What are the procedures for making an insurance claim?

Updated on society 2024-05-09
6 answers
  1. Anonymous users2024-02-10

    What are the claim process is actually not complicated, generally speaking, after the accident, the claim is these four steps: report; Preparation of claim documents; Submit the claim information to the insurance company, and the insurance company will review it; The insurance company notifies you of the outcome of the claim.

  2. Anonymous users2024-02-09

    1. Case filing and investigation: After receiving the notice of the accident, the insurer shall immediately send someone to conduct an on-site investigation to understand the loss and its causes, check the insurance policy, and register the case.

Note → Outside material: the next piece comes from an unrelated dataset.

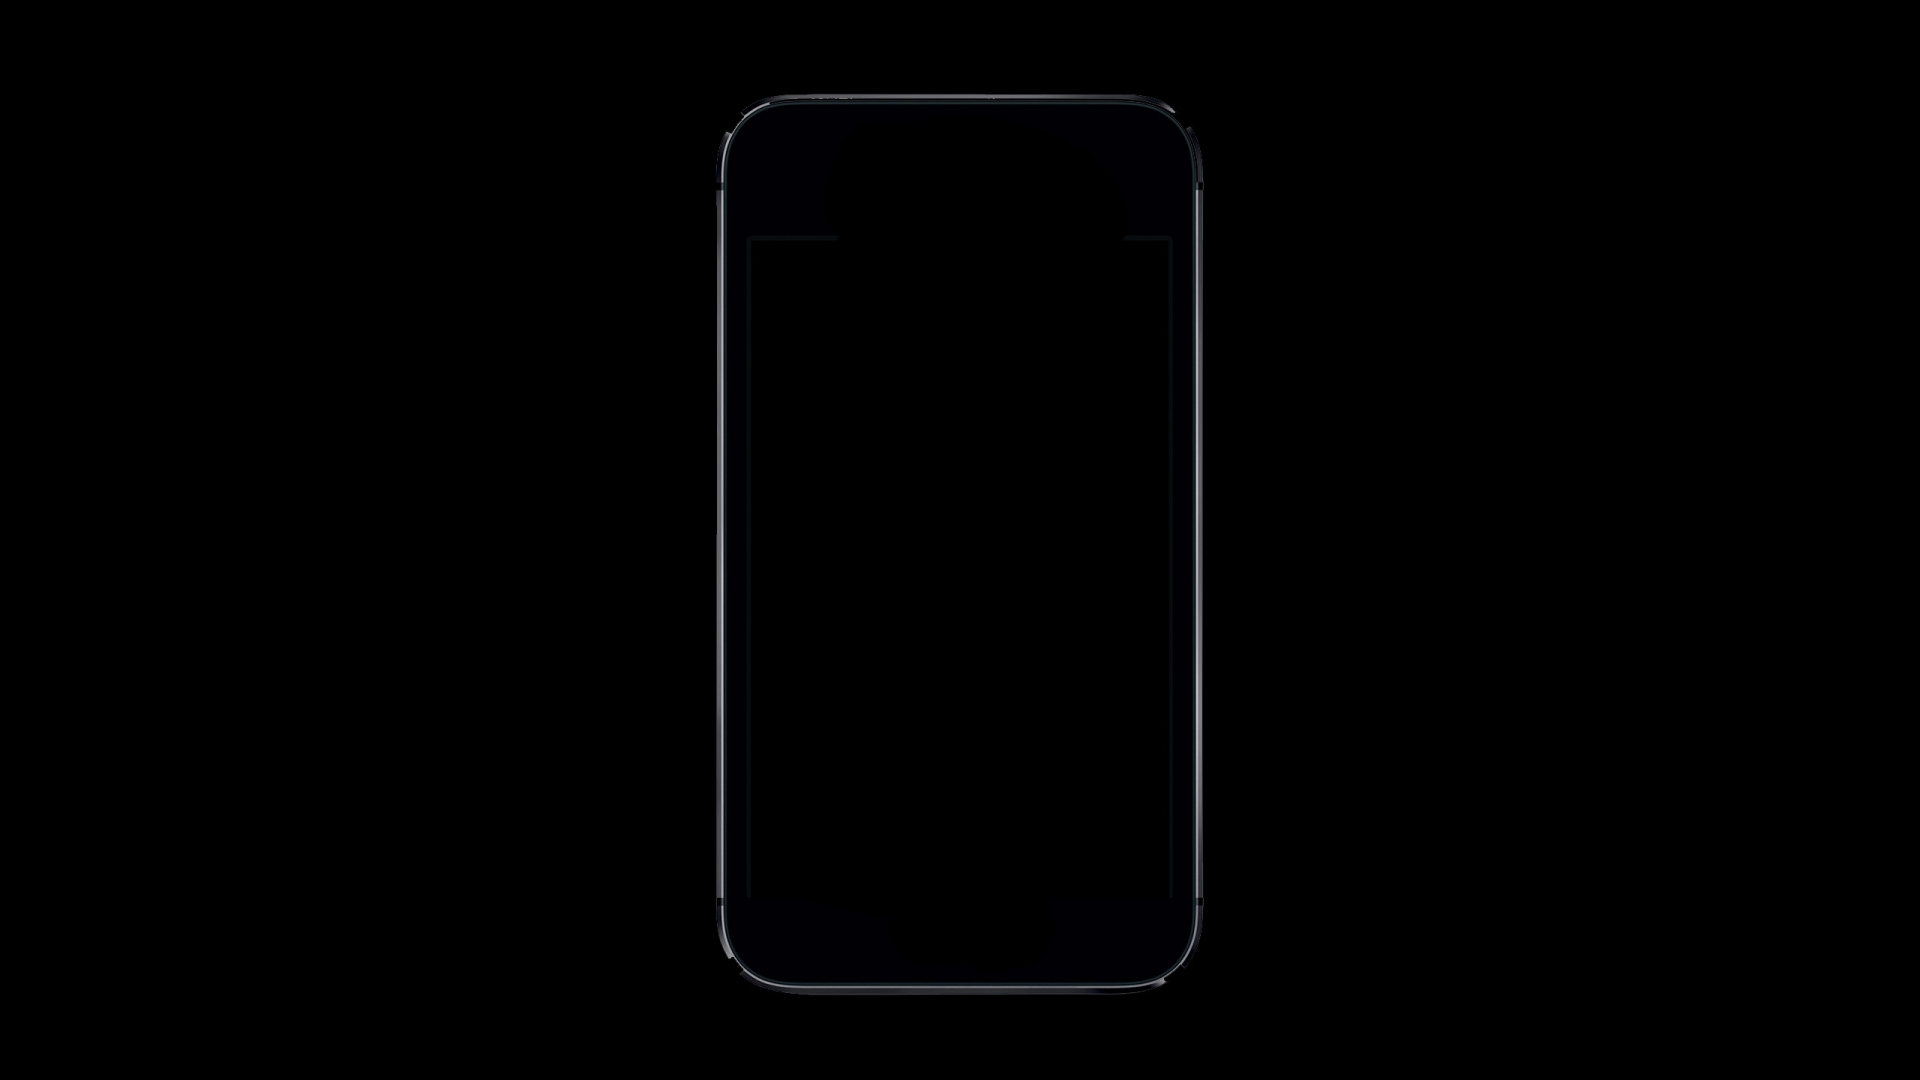 Foxconn กำลังพัฒนากรอบแก้วสำหรับสมาร์ทโฟน หรือนี่จะเป็นบอดี้ iPhone 7 ที่จะเป็นแก้วทั้งเครื่อง !?

    2. Review of certificates and materials: The insurer shall review the relevant certificates and materials provided by the policyholder, the insured or the beneficiary to determine whether the insurance contract is valid, whether the insurance period has expired, whether the loss is the insured property, whether the claimant has the right to claim compensation, and whether the place where the accident occurred is within the scope of insurance.

    3. Verification of insurance liability: After receiving the request for compensation or payment of insurance money from the insured or beneficiary, the insurer shall, after checking the facts and reviewing the documents, make a timely assessment of whether it should bear the insurance liability and how much responsibility it should bear, and notify the insured or beneficiary of the verification result.

    4. Fulfillment of compensation obligations: On the basis of the verification of liability, the insurer shall perform the obligation of compensation or payment of insurance money within 10 days after reaching an agreement with the insured or beneficiary on compensation or payment of insurance amount. If the insurance contract stipulates the insured amount and the period of compensation or payment, the insurer shall perform the obligation of compensation or payment of insurance money in accordance with the provisions of the insurance contract. ‍‍

  3. Anonymous users2024-02-08

    Legal analysis: 1. Report the accident: The insured should notify the insurance company immediately after the occurrence of an insured accident.

    2. Fill in the application: The insured or beneficiary shall fill in the "claim application" for rock trapping. The application form must be filled out truthfully to avoid prolonging the investigation of the case.

    3. Issuance of certificates: Submit the insurance policy, claim application, the latest payment voucher and relevant certificates to the insurance company for verification. In case of death or disability, it is necessary to provide the date verification next to the death certificate and the disability appraisal certificate; For outpatient clinics, outpatient prescriptions and medical records are required; In case of traffic accidents, the accident ruling or certificate issued by the traffic management department shall be provided.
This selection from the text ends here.